First off, this is not a trip for people who dont like driving or sitting in cars. The distances are large and the roads are slow going. The first day covers 650km and there isn't much option to make it less apart from stopping in San Juan City for the night - not the best idea.
Starting out early - 8.30am at latest drive north toward San Juan city, I take the 'Olive Route' to get off ruta 40 and bypass the city. This brings you out at a bend in the road and a short drive later to one of the oddest sights in the country - Difunta Correa.
Difunta Correa is a folklore saint with a massive following in the mid- and north west of Argetnina. She was a San Juanina woman who followerd her husband north towards La Rioja Province when he went to fight in the wars of the 1850s.

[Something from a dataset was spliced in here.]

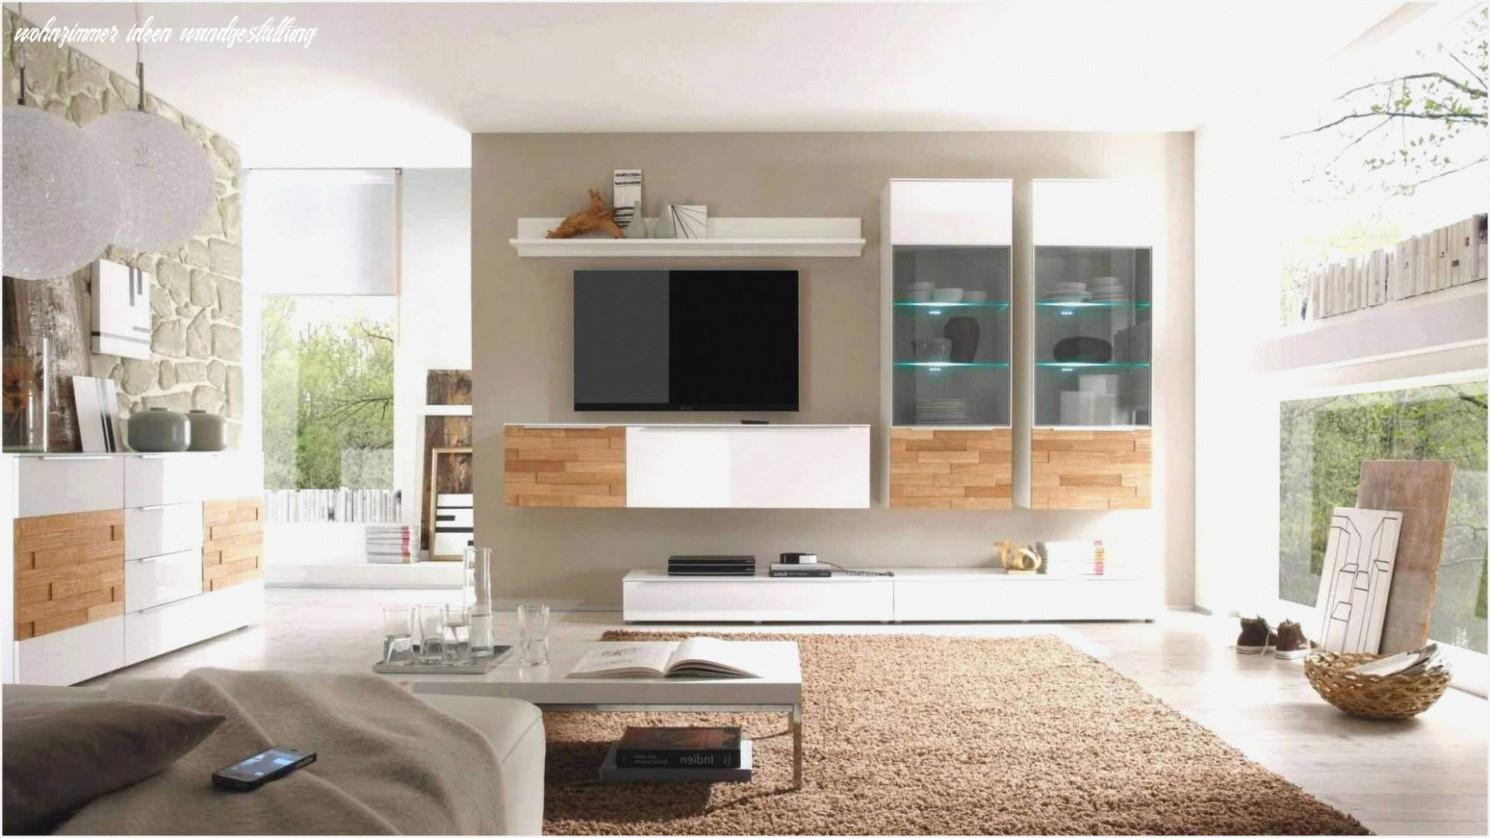 Ist Wohnzimmer Ideen Wandgestaltung Jetzt Die Angesagteste von Wohnzimmer Ideen Wandgestaltung Bild

Walking across the barren and arid landscape, carrying her new baby, she died from heat exhaustion and lack of water in the middle of the desert. A couple of days later, shepherds discovered her body and the baby still feeding at ther breast, alive and well. This was declared a miracle and Difunta, a People's Saint.
Her shrine is stacked with small houses and car number plates - the faithful thanking her for their prosperity. Walking around it reminds of a model village except the pilgrims are crawling on their hands and knees up the hundred and fifty steps as though ascending Mount Sinai.
The place attracts many thousands of people and more in December for her Saint's Day. Plenty of pollo al spiedo for lunch. Piles of plastic bottles at the roadside aren't rubbish but offerings to Difunta.
Continue on to San Augustin de Valle Fertil - a small town with nafta and basic accommodation. There is the option to stay here but the locations are back to front as Ischigualasto is best in the afternoon and Talampaya is best in the morning.
At Ischigualasto (the Valle de la Luna - Moon Valley) the three-hour circuit of the park is done with a ranger and a convoy of cars. There are five stops along the way, each showcasing the various lunar landscapes formed over 220 million years ago - real dinosaur country.
There is a camp site at the side of the park - well worth it on full moon nights when there is a guided tour around the glowing irridescent formations.
Hurry as these rocks are liable to fall any day now. Taking the last tour of the park, darkness will fall on the drive to Villa Union and there is a serious risk of hitting guanaco crossing the highway. All in all about a twelve hour day.